Biography

Eduardo Telles

Eduardo Telles was born in 1976 in the city of Sao Paulo, Brazil. Telles entered the martial arts world through Karate as a teenager, Jiu-Jitsu already existed in Sao Paulo at the time, but the academies were scarce and the first contact Telles had with Jiu-Jitsu was when he spent time in Rio de Janeiro, at his father’s home town. The Telles family held a house in Rio around the famous surfing and BJJ spot of Bairro da Tijuca where Eduardo would hear about Jiu-Jitsu for the first time.

After the first UFC’s started, the Royce Gracie name became famous (he won the first 2 championship events) and Jiu Jitsu boomed in Sao Paulo. Riding on the Jiu-Jitsu wave, the Karate gym where Eduardo Telles trained opened a class for Jiu-Jitsu. That was when Telles met his first instructor, Fernando Yamasaki (brother of UFC referee: Mario Yamasaki), with whom he stayed until he received his blue belt. Around the time when he was graded blue belt he moved to San Diego in California and had to stop training. He was in the US to learn English and there he met Carlos Valente, an ‘old school’ Jiu-Jitsu black belt who’s family had a long history with the Gracie family. Telles took the oportunity of training with such a prestigious black belt and trained with Valente for the duration of his term in the US.

Telles received his purple belt from Mr Valente and then moved back to Sao Paulo. This time he picked up his training at the new Fabio Gurgel gym. At Gurgel’s academy he met Fernando “Terere” with whom he became very good friends, as well as Demian Maia and other Jiu-Jitsu personalities who were all training under Mr Gurgel guidance. At the Alliance Head Quarters, Telles’ technique grew heaps and bounds and the close contact with Terere (who was already rapidly turning into a legend of the sport) was one of the reasons for this surge. The Alliance gym also served as a laboratory for Eduardo Telles’s experiments with Jiu-Jitsu techniques that he would develop to adapt to his “scrappy” grappling style.
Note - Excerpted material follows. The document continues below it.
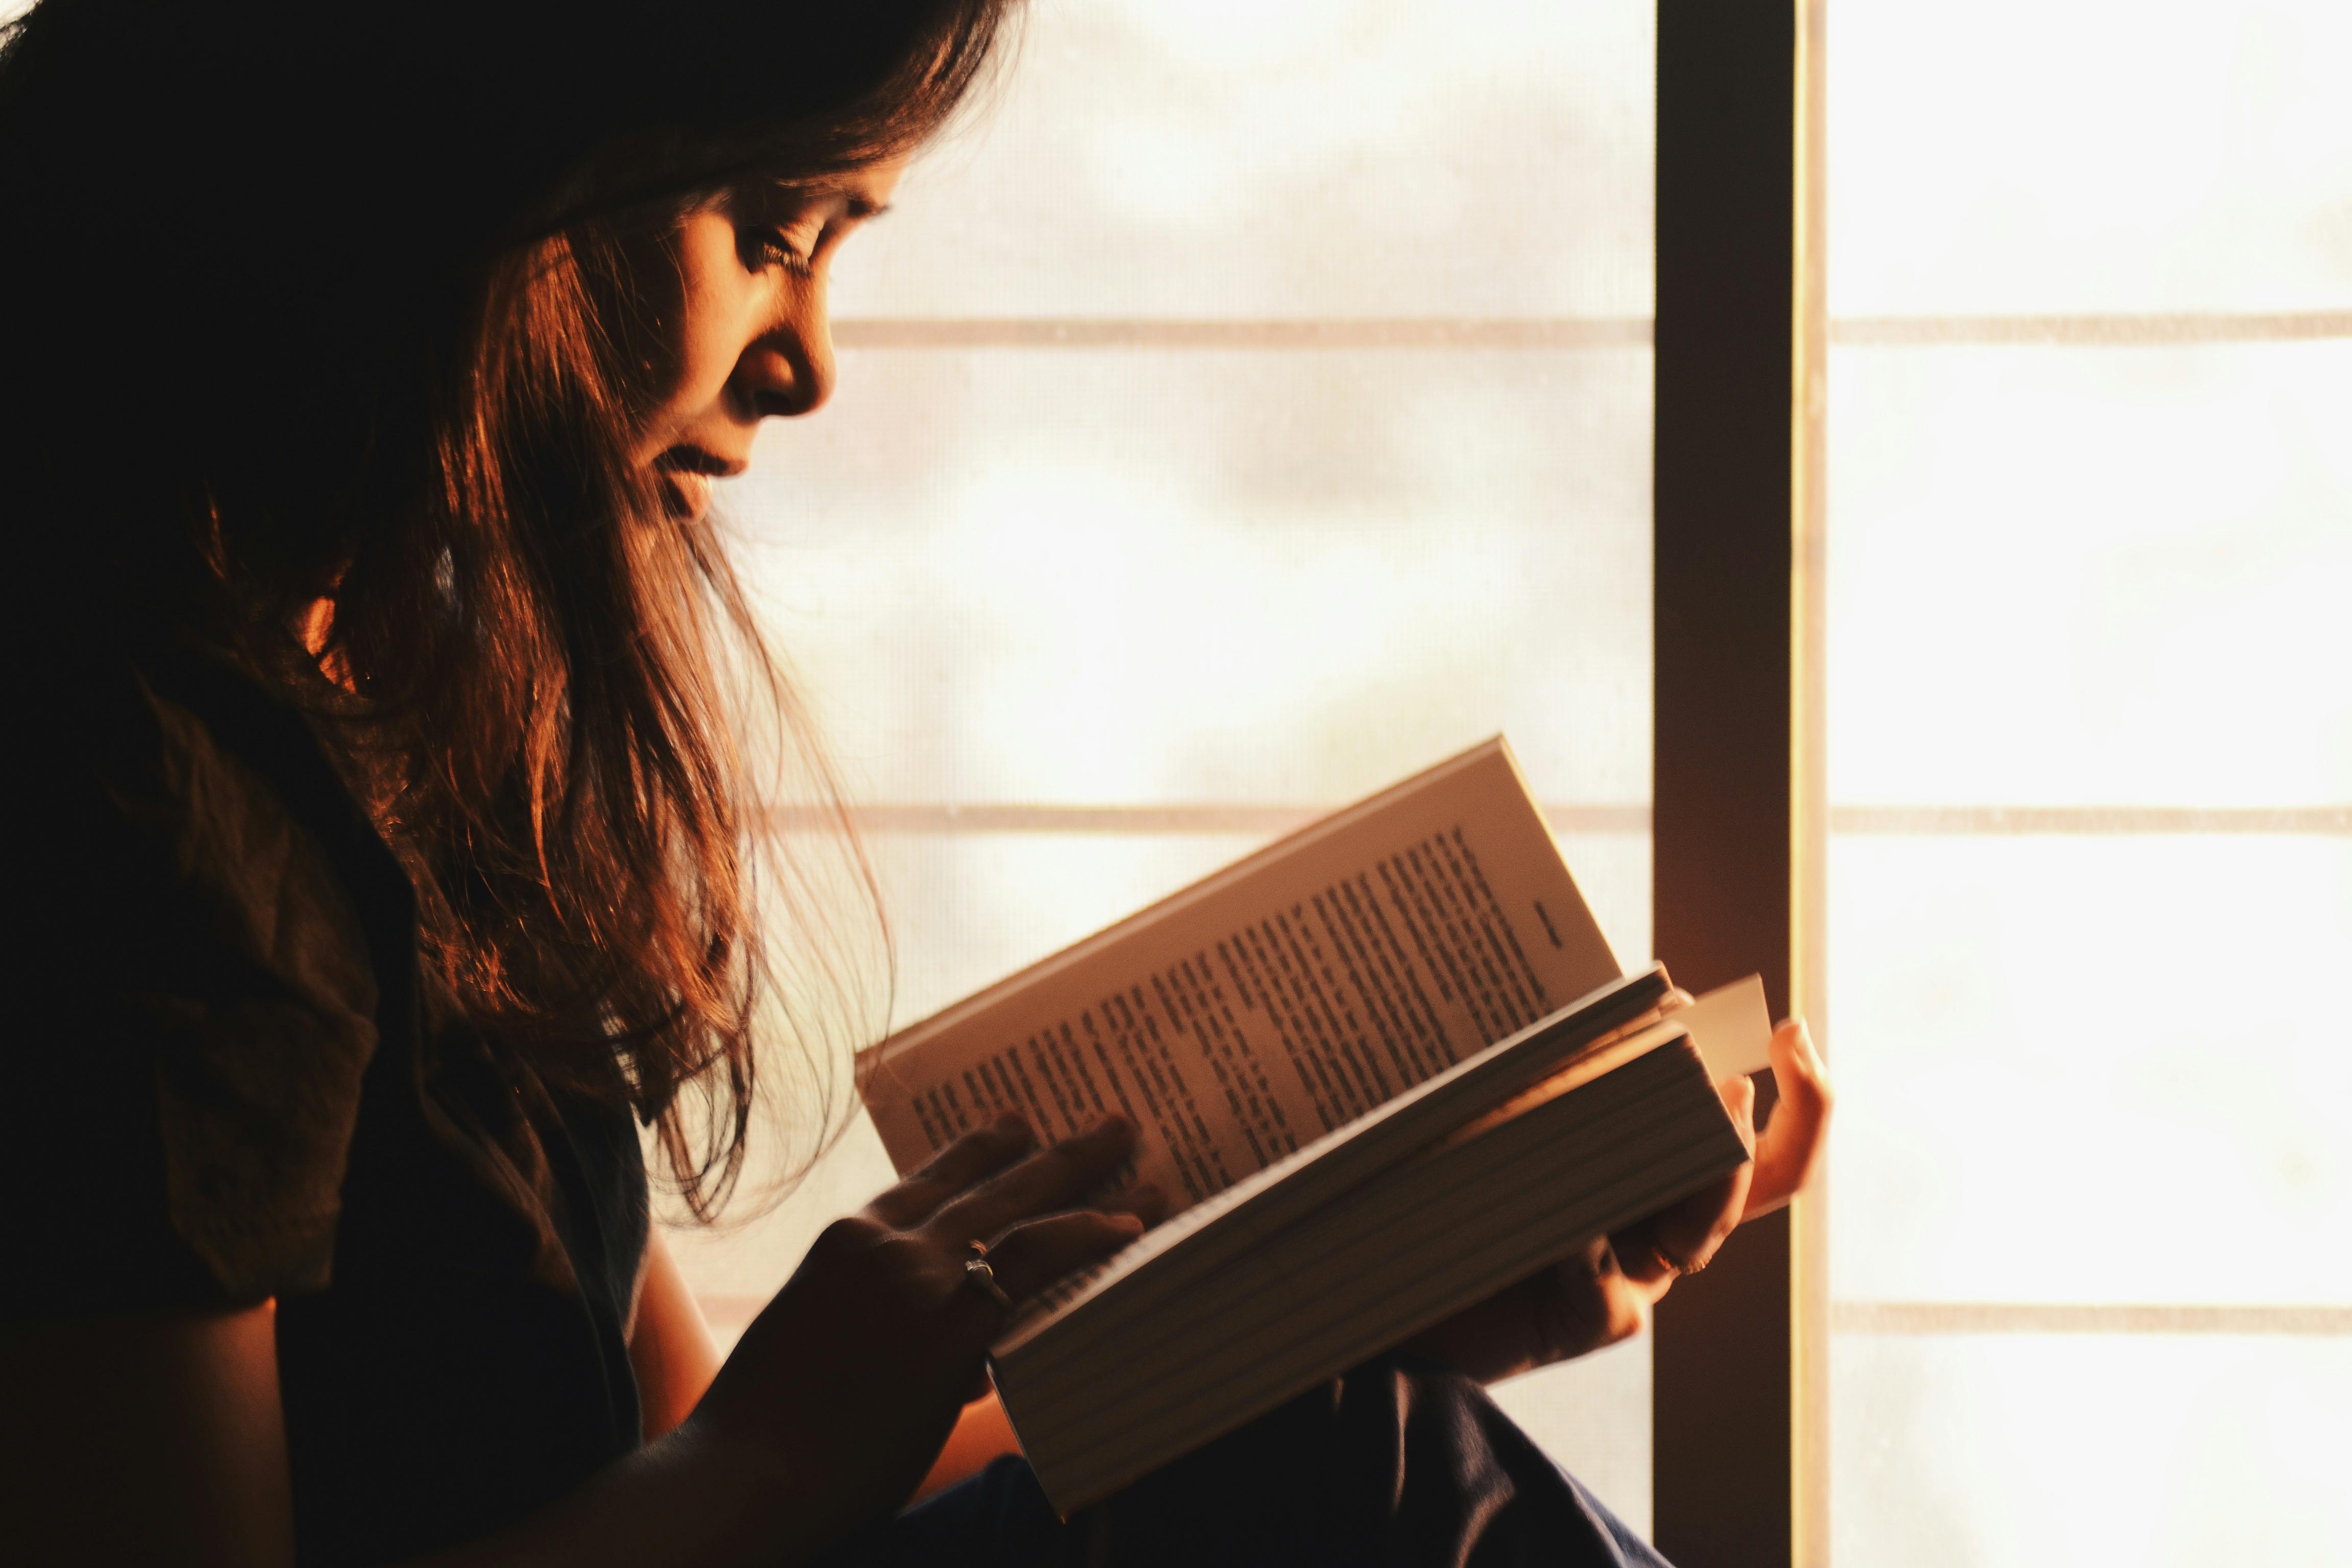 Une jeune femme lisant un livre | Source : Rahul Shah sur Pexels

He went on to get a Silver Medal in 1999 at the Mundial (World Championship) as a purple belt and a Bronze Medal the following year as a brown belt, and so it came as no surprise when he received his Black Belt the following year. By then Eduardo Telles’s style of fighting started standing out, and many in the BJJ community started branding it “Esquijitsu”, which means something along the lines of “Weird Jiu-Jitsu”. This was due to the awkward positions in which Telles would put himself.

In 2002 the Alliance Team split and Eduardo Telles followed the path of the dissidents helping to open the Master Team and later the TT Team with his friend Fernando Terere. TT was successful from the get-go with some students showing that the team had tremendous potential, unfortunately by the end of 2004 Fernando Augusto entered his personal struggle with drug dependence and depression, and so the team was terminated. Telles decided to open another academy, this time presided by himself which he called Nine Nine, the meaning behind that name was that 99 is a reference in proximity to the number 100 which means perfection, the goal of Telles.

After setting up his academy Telles started his Mixed Martial Arts career (MMA) a quick submission of Rubens Xavier earned him another call to the rings, this time against the experienced and heavy favorite, Gracie Barra’s Rafael “Sapo”. Telles won again in the first round by massive head kick. His first defeat would come from the hands of another fellow Jiu-Jitsu practitioner, the experienced Landro Silva “Batata” from Nova Uniao, this defeat made Telles understand the necessity of joining a professional MMA team, and so he joined the famous X-Gym in Rio de Janeiro, headquarters to the Black House MMA team were some of the best UFC fighters train, people like Anderson Silva, Machida the Nogueira Brothers and many others.